Optionally, the matrix updating subunit is specifically configured to sequentially update the 2 nd column to the nth column of the third matrix according to a left-to-right sequence to obtain a fourth matrix; wherein, the matrix updating subunit includes:

the calculation module is used for summing the products of the first k-1 columns and the first k-1 elements of the kth column respectively to obtain column vectors;

and the updating module is used for updating the kth column according to a result obtained by subtracting the column vector from the kth column.

The embodiments in the present specification are described in a progressive manner, each embodiment focuses on differences from other embodiments, and the same and similar parts among the embodiments are referred to each other.

With regard to the apparatus in the above-described embodiment, the specific manner in which each module performs the operation has been described in detail in the embodiment related to the method, and will not be elaborated here.

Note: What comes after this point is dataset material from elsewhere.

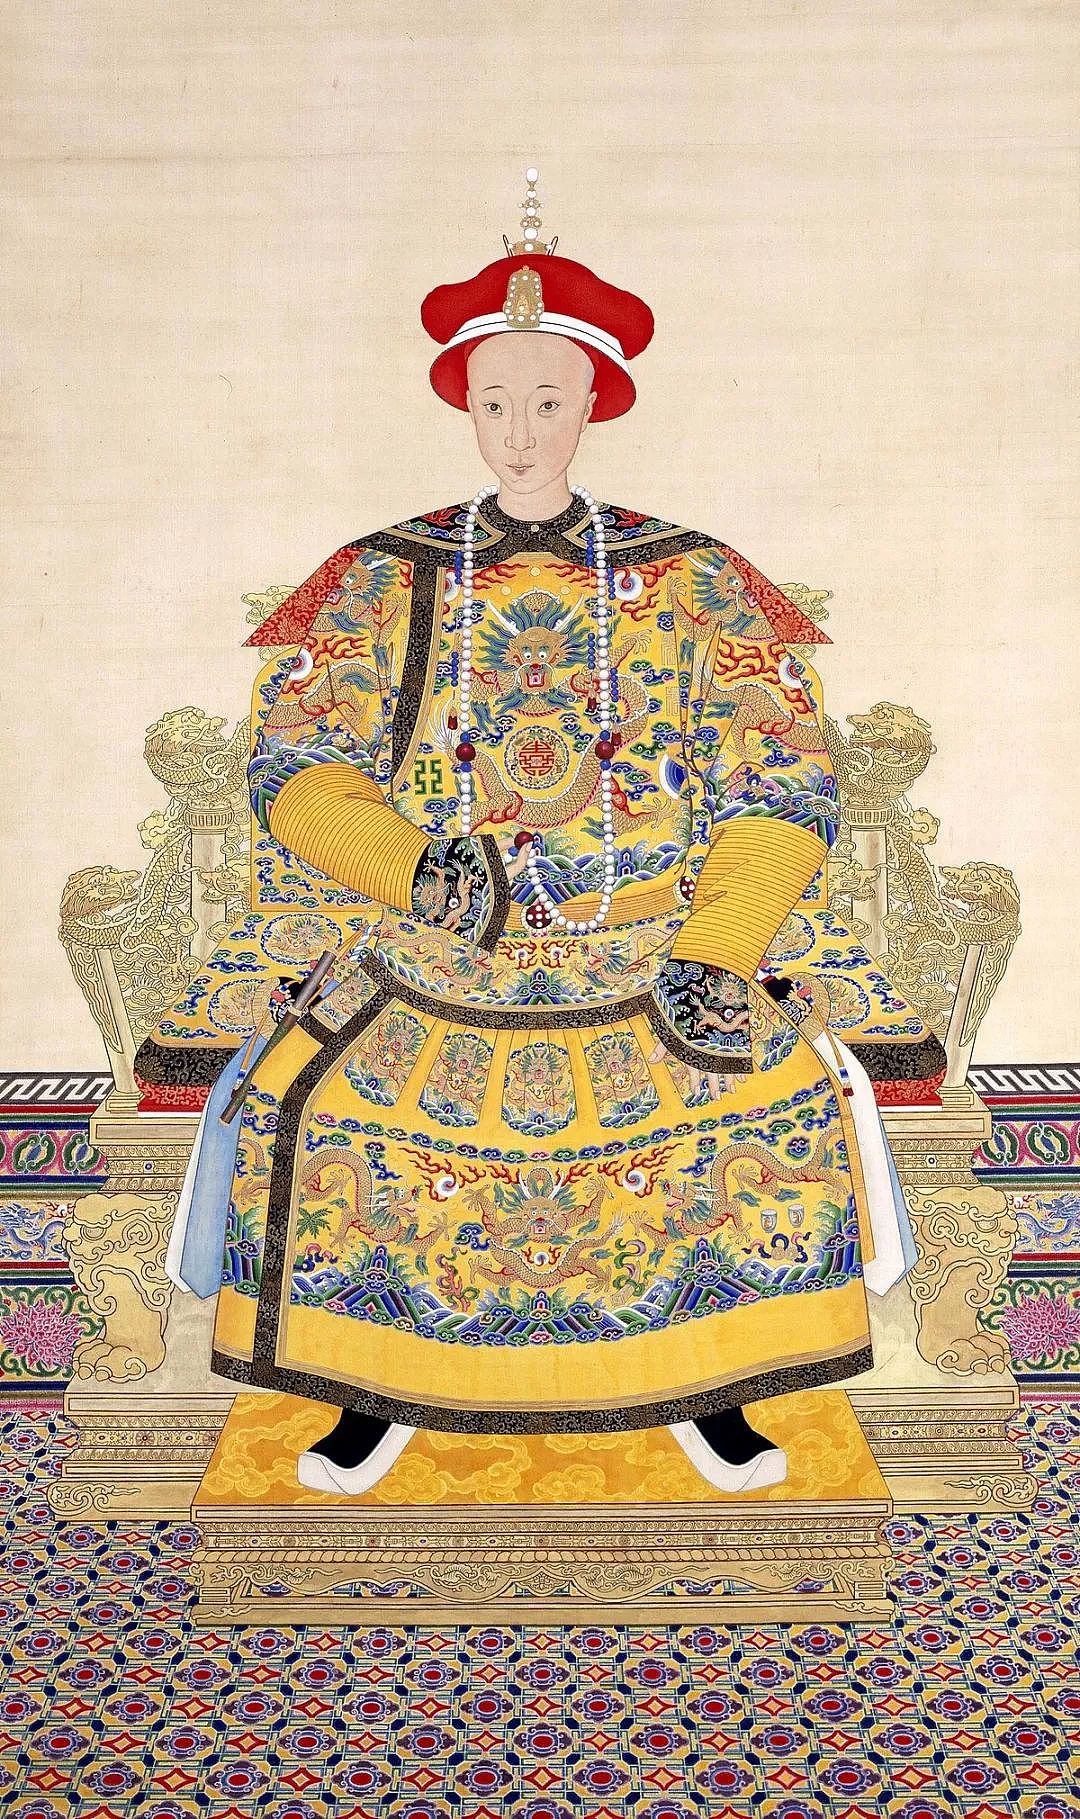 慈禧太后和她统治中国的政治模式 - 2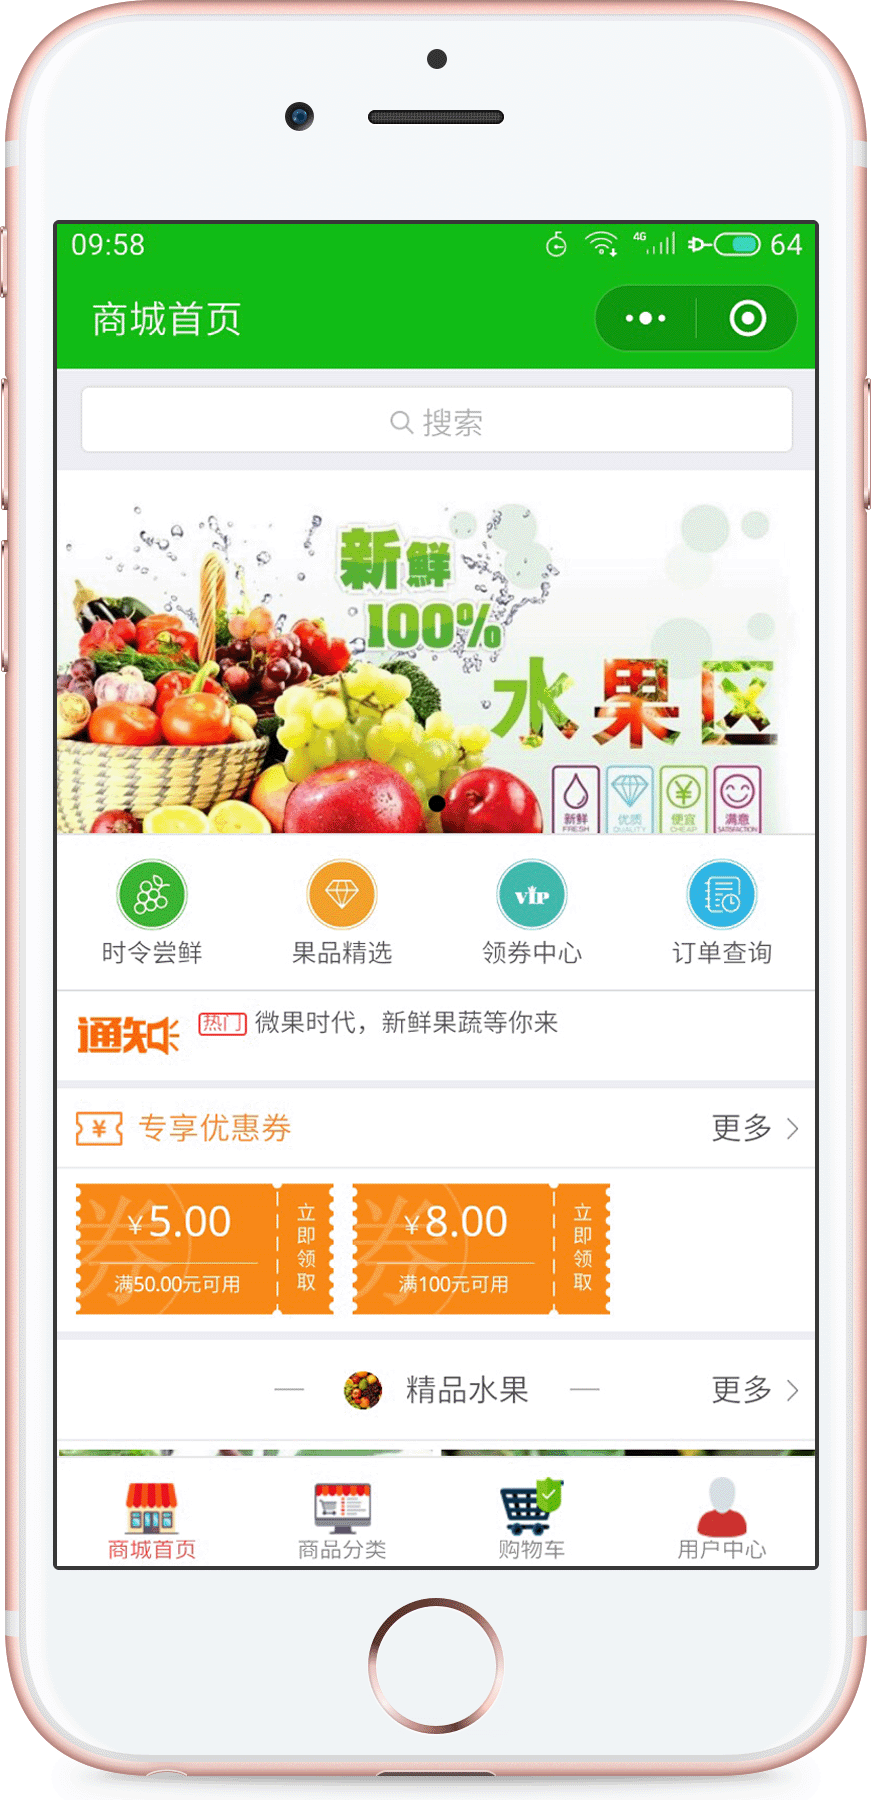 上海微果时代案例展示最便宜

An embodiment of the present invention provides an apparatus for data processing, comprising a memory, and one or more programs, wherein the one or more programs are stored in the memory, and the one or more programs configured to be executed by the one or more processors include instructions for: combining sequences corresponding to n ciphertext data to be sorted according to columns to construct a first matrix with n rows and n columns; constructing a second matrix and a third matrix according to the first matrix, wherein the second matrix is used for indicating whether elements in the first matrix are smaller than or larger than elements in a transposed matrix of the first matrix, and the third matrix is used for indicating whether the elements in the first matrix are equal to the elements in the transposed matrix; determining sorting indexes corresponding to the n ciphertext data according to the second matrix and the third matrix; and sequencing the n ciphertext data according to the sequencing index to obtain n sequenced ciphertext data.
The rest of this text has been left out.